In a huge shift in her career, Rachel McAdams takes on the role of Detective Ani Bezzerides. Yes, Bezzerides (Side note: this was written by a guy with the last name Pizzolatto, but still, what the fuck?). Detective Bezzerides Ventura County Sheriff’s department, and she has got the weirdest fucking family in history. Her sister works in porn, her father is some spiritual guidance professor, and her mother’s dead. That’s a Thanksgiving I’d pay cash to see.

The one role I think most people had their doubts about was Taylor Kitsch’s. I won’t argue and say that his performance didn’t come off slightly flat because it certainly did. Kitsch plays an ex-Army, California Highway Patrol with some strange scars and the need for Viagra to help keep his dick up from being distracted by, umm…being alive? Not sure where they were going with that.

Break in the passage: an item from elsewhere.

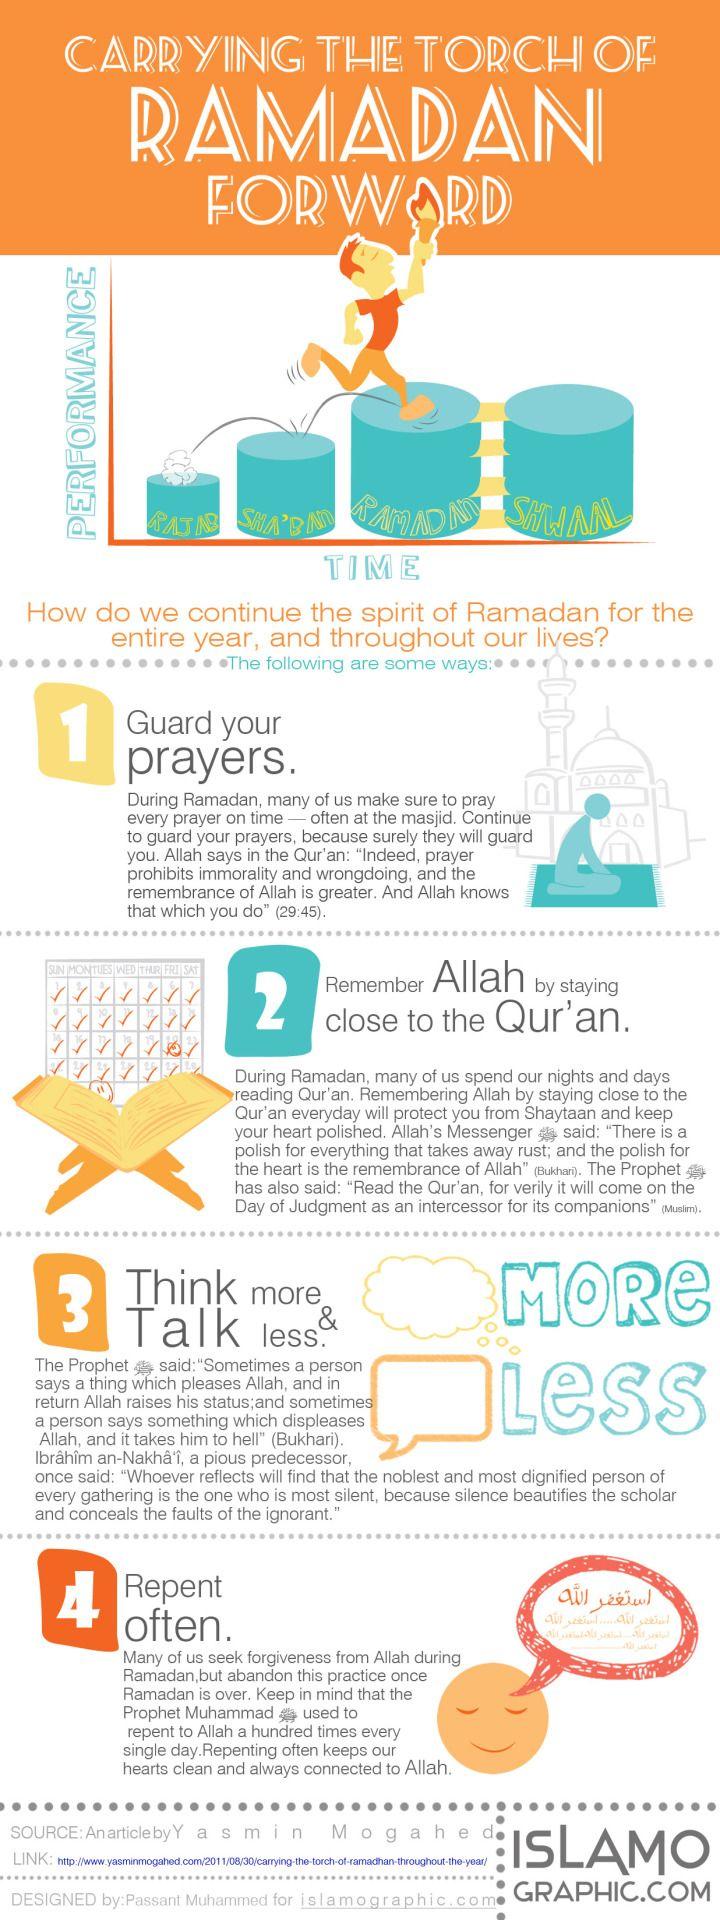 Islamic Education through Infographics -- Islamographic.com

They are all connected by the disappearance, and subsequent cadaver discovering, of Vinci City Planner Ben Casper, who has solid ties with Semyon and his plans with the transit system, and we’re all left with the “ohh ok” moment that will get the season rolling.

It’s important to note that last year’s casting, as well as this year’s, is about taking people who we aren’t used to seeing in these kind’s of roles and helping them mold into someone completely different. That’s the role of the director; to take actors and push them into pushing themselves into becoming something they’re not used to and making it look easy.

This is where I bring up that previous year’s director Cary Fukunaga’s absence could be felt. But this all goes back to knowing that Nic Pizzolatto is trying to distant this season from the first, so let’s just take this show one episode at time.